Telemedicine Gets Its Marching Orders
October 1, 2000
Originally Published October 2000
EDITOR'S PAGE
Telemedicine Gets Its Marching Orders
Telemedicine research is getting a shot in the arm from the U.S. Army. According to a recent article released by an on-line wire service, the Army's Medical Research Acquisition Activity has awarded a grant to Mercy Home Health Services to evaluate the feasibility of using telemedicine to monitor the health of patients from their homes. Located in the Philadelphia region, Mercy Home Health Services is using monitoring components developed by Spacelabs Medical Inc. in the study of a group of patients with congestive heart failure (CHF). The healthcare provider and the Army are motivated by a common objective: cost reduction.

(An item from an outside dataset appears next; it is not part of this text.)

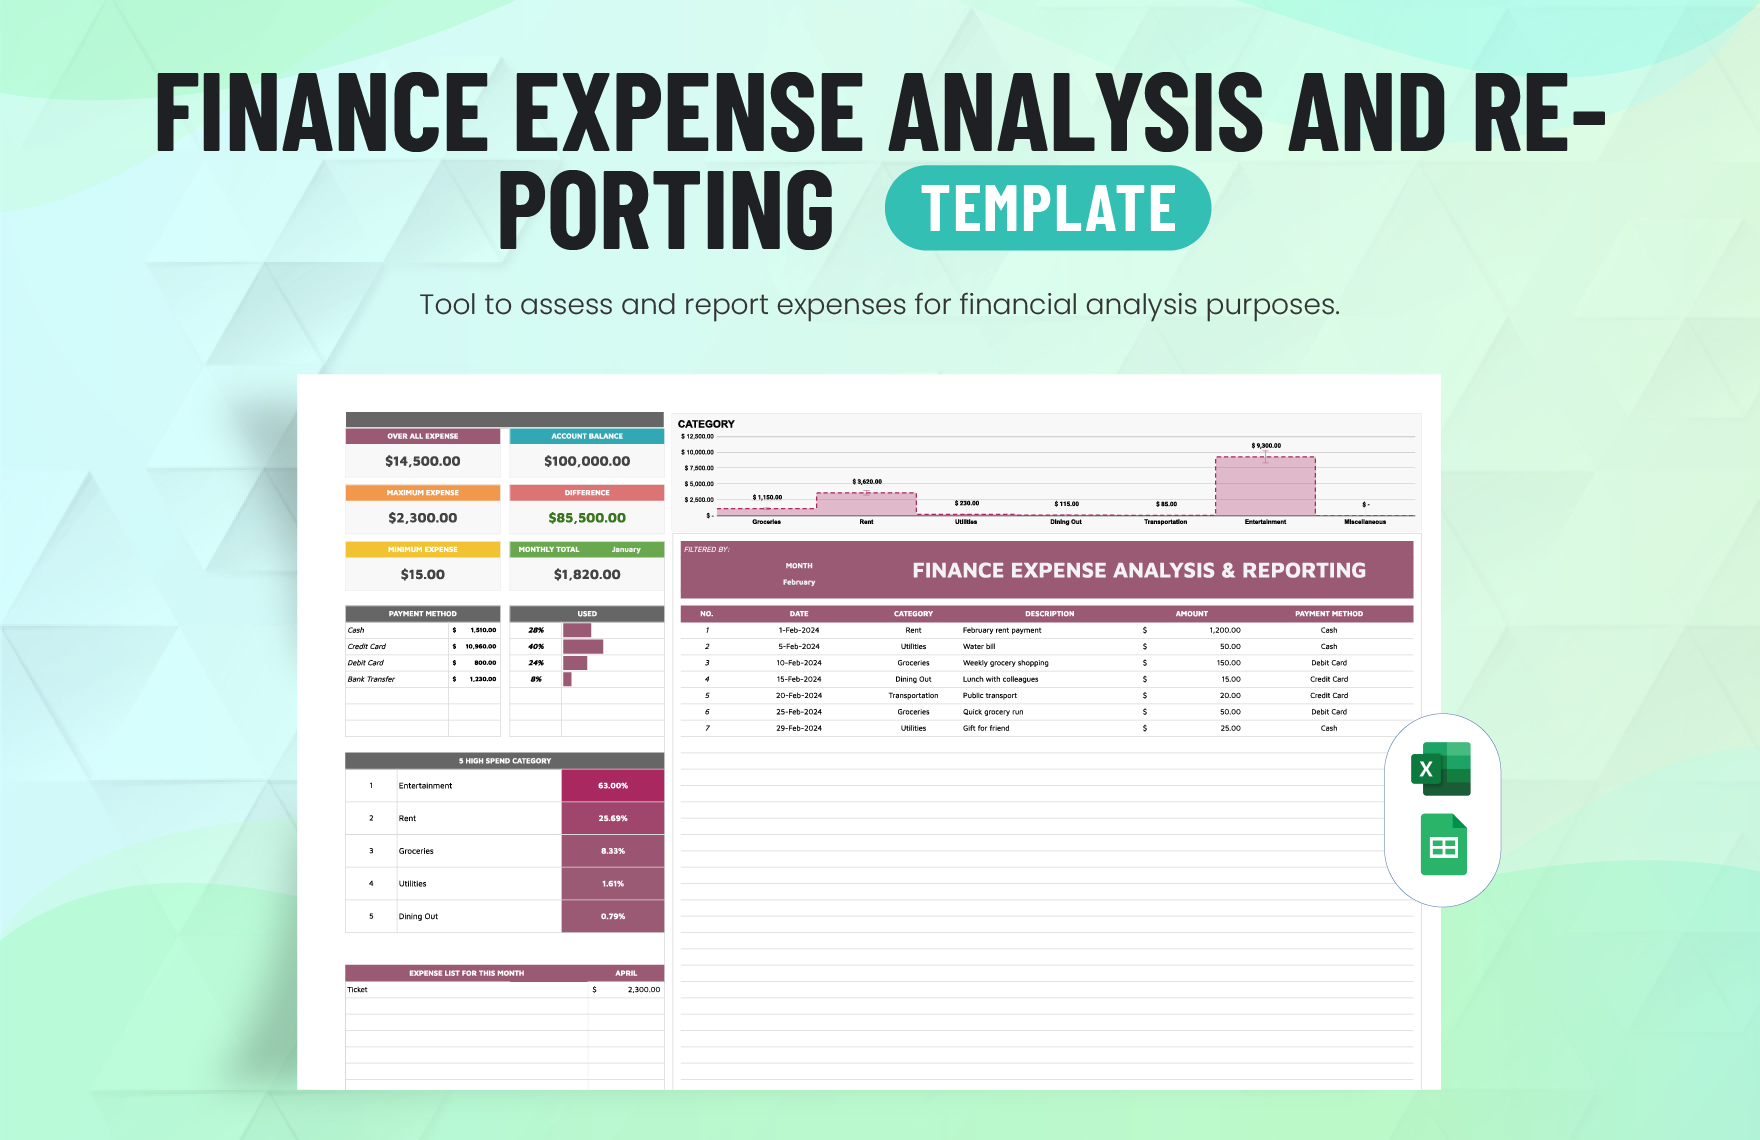 Finance Expense Analysis and Reporting Template

As flat-rate payments for patient care become the norm, the healthcare industry is scrambling to find ways to reduce costs while maintaining quality of care. Remote diagnostics may result in fewer patients with CHF being readmitted to the hospital, according to Martha Sheely, clinical research director at Mercy. CHF accounts for a high proportion of healthcare expenditures in the United States. "Patients with CHF are often elderly and, because it may be difficult for them to get to the doctor, they wait a few days after symptoms reappear," says Sheely. "By the time they call 911, their condition has worsened such that they require readmission to the CCU."
For the Army, telemedicine potentially represents a means to maintain adequate medical care in an era of downsizing. It also provides the "tactical requirement to have a smaller medical footprint in the far forward areas," in the words of a grant officer fluent in military-speak. The technological challenges are considerable, but as was pointed out to me recently by William Scanlon, research director at the University of Ulster's Centre for Communications Engineering in Ireland, the human factor should be of equal concern. Scanlon is currently involved in adapting cellular technology to biomedical applications.

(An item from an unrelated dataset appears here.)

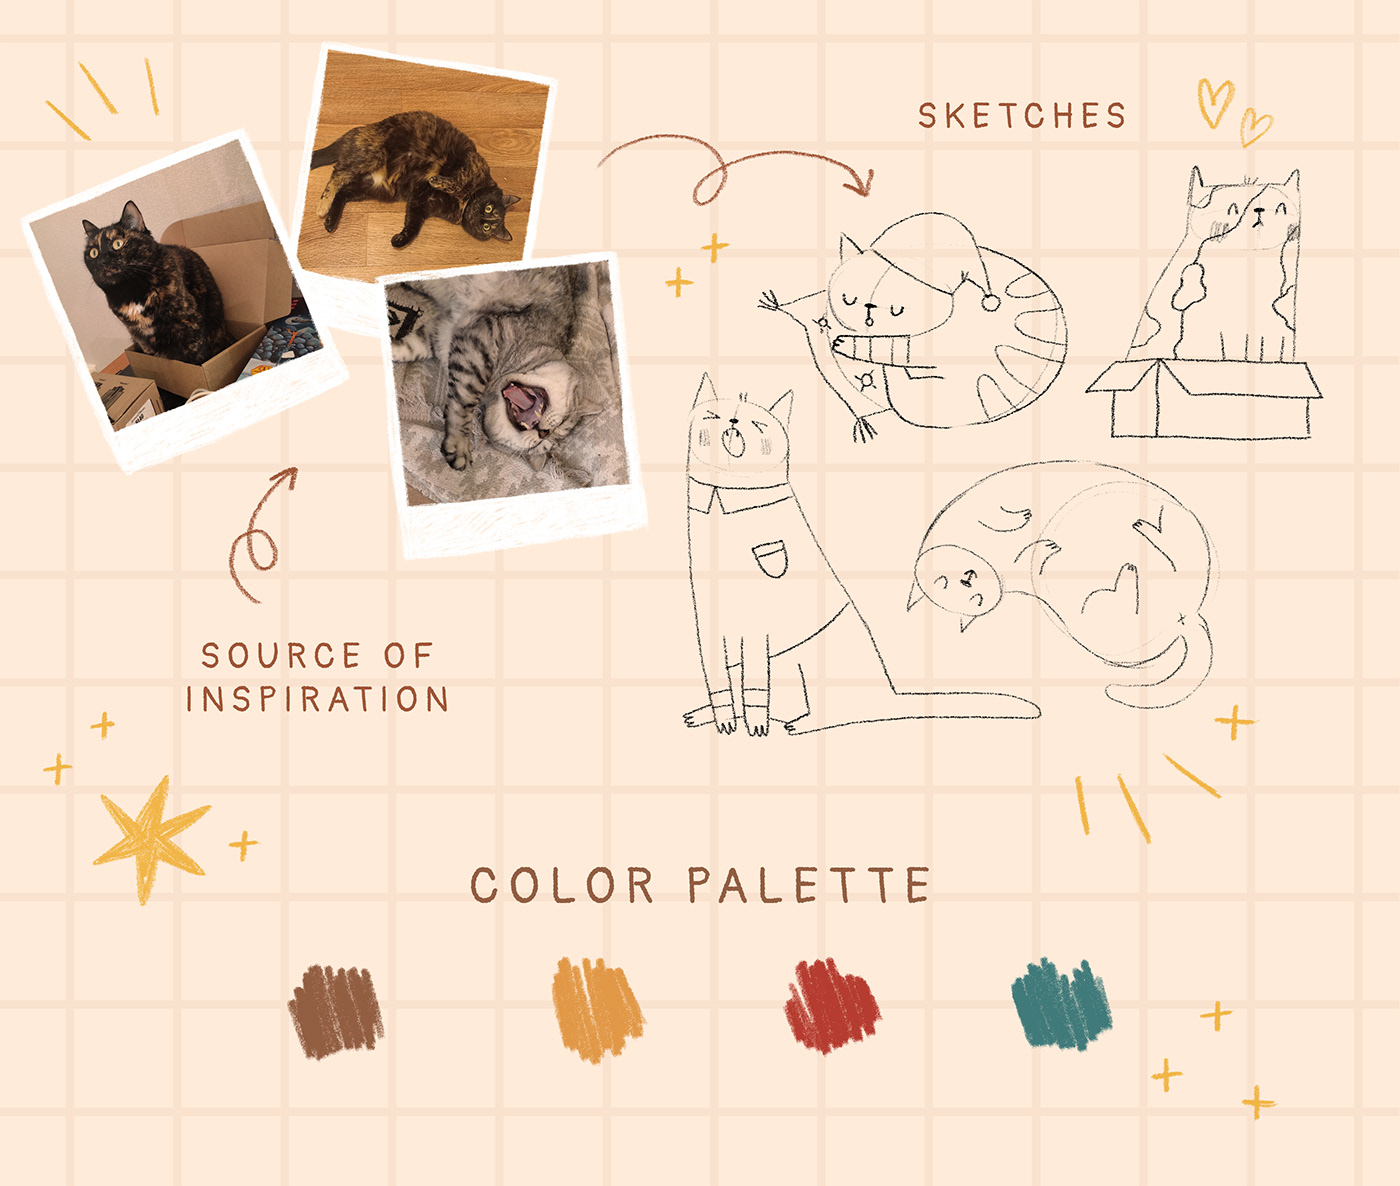 Photos of real cats and sketches inspired by them: a color palette: yellow, brown, maroon and teal

Personal telemedicine applications will start to emerge, according to Scanlon, but it will require both patient and clinician acceptance to find its niche in the market. "One of the key issues involves the readiness of the healthcare sector's infrastructure. The biosignal data have to go somewhere and be interpreted," noted Scanlon. I would add that its point of origin should not be neglected, either: operation of the monitoring equipment needs to be understood by a population that may have trouble setting its VCRs.
Patients in the Mercy study will receive an equipment package developed by Spacelabs that is designed to noninvasively assess parameters such as ECG, blood pressure, temperature, and pulse oximetry. The data are then digitally transferred to the central monitoring station at Mercy Home Health via the patient's existing phone line. Communication with the patient is conducted by means of a two-way video hookup.

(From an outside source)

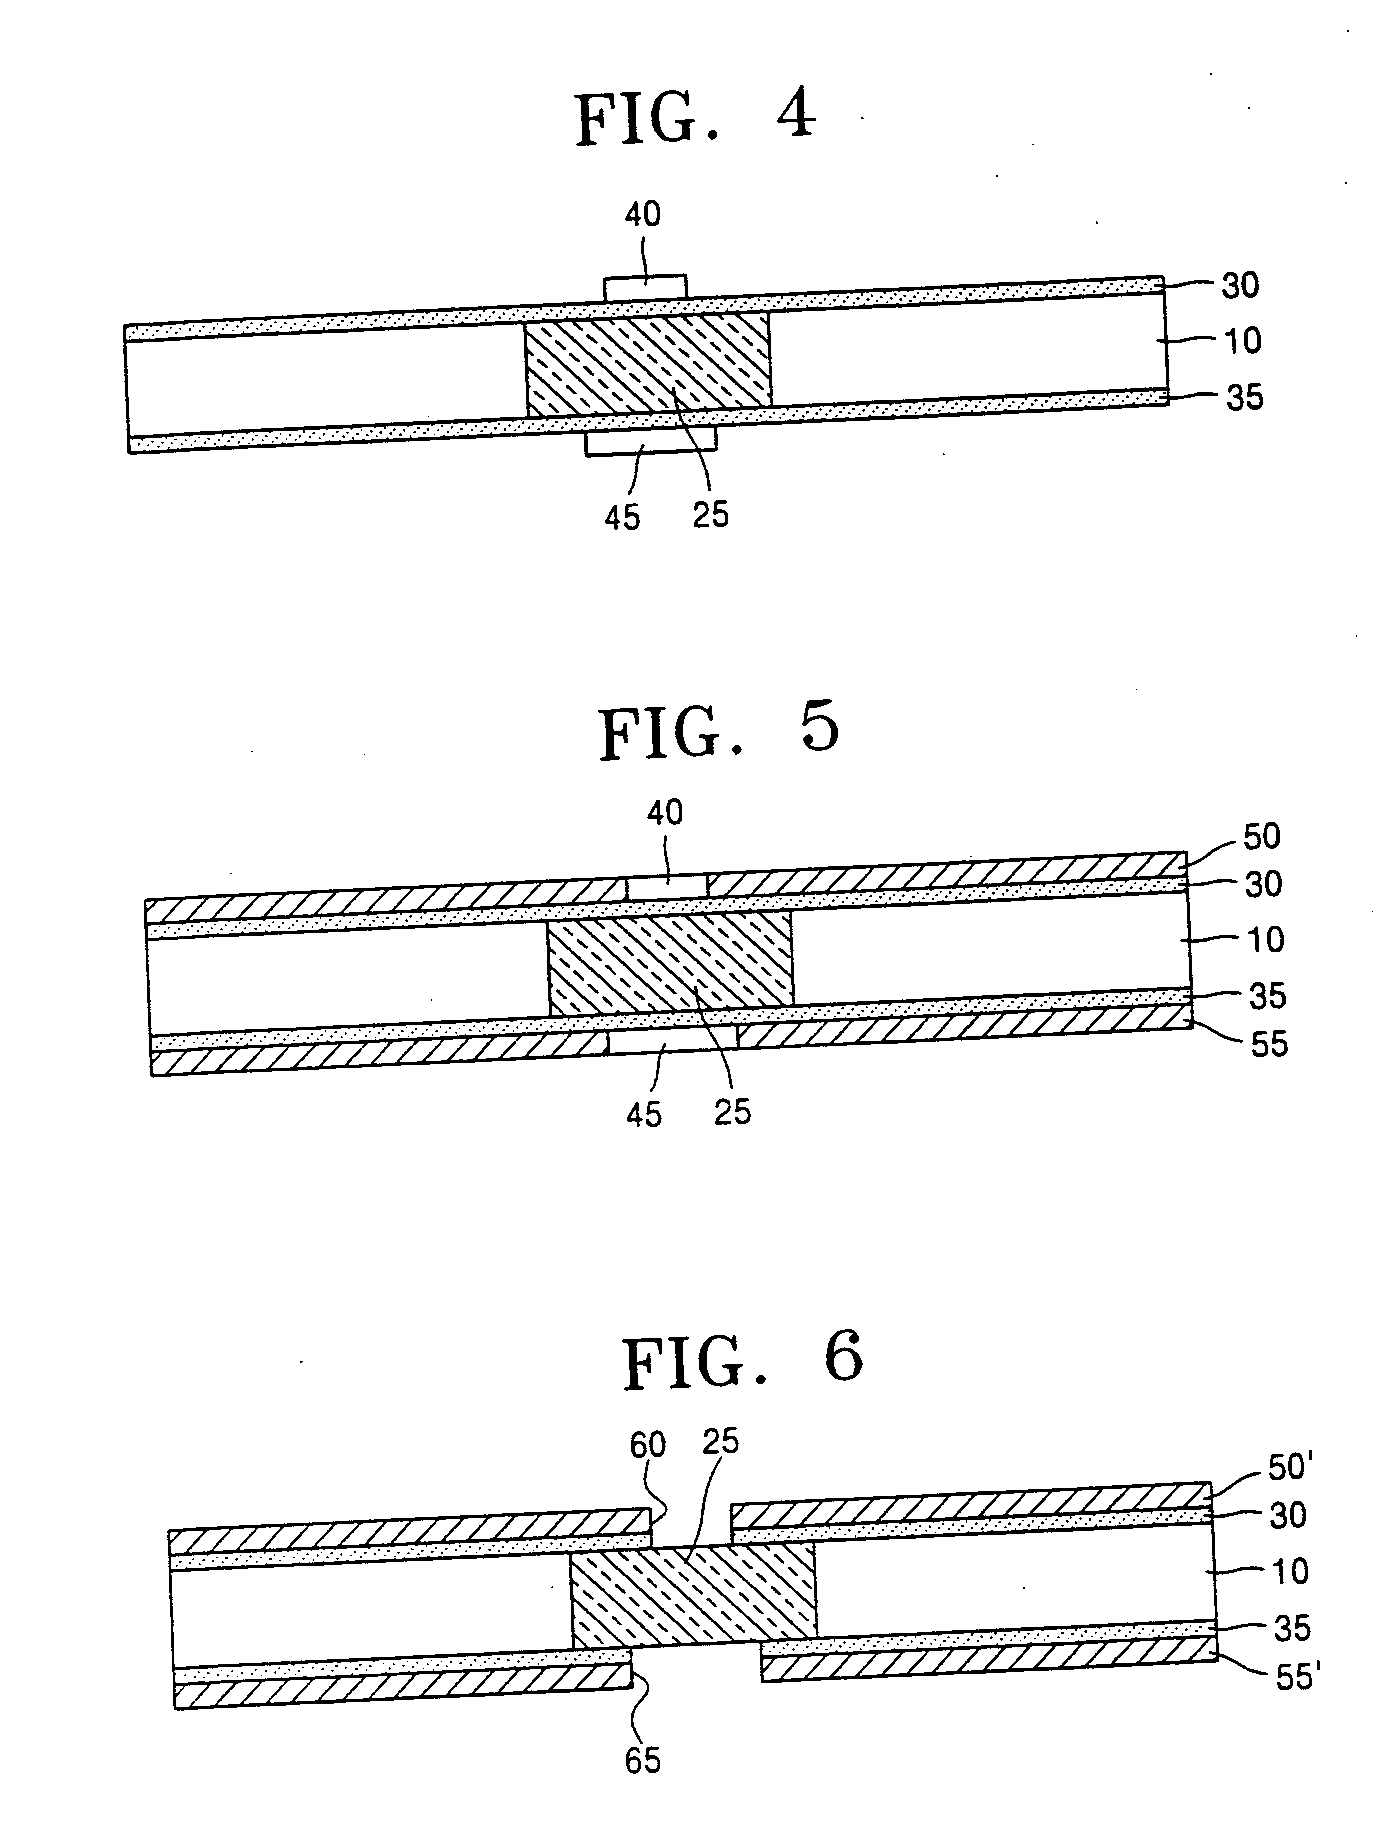 Electron beam lens for micro-column electron beam apparatus and method of fabricating the same

The patients will receive training, of course, but if home healthcare is indeed the wave of the future, it's clear that device manufacturers will be called upon to do more than produce safe and effective medical devices. A growing number of devices will also have to be designed for use by nonprofessionals. Considering all of the poorly designed low-technology products that surround us, this may be the most daunting challenge of all.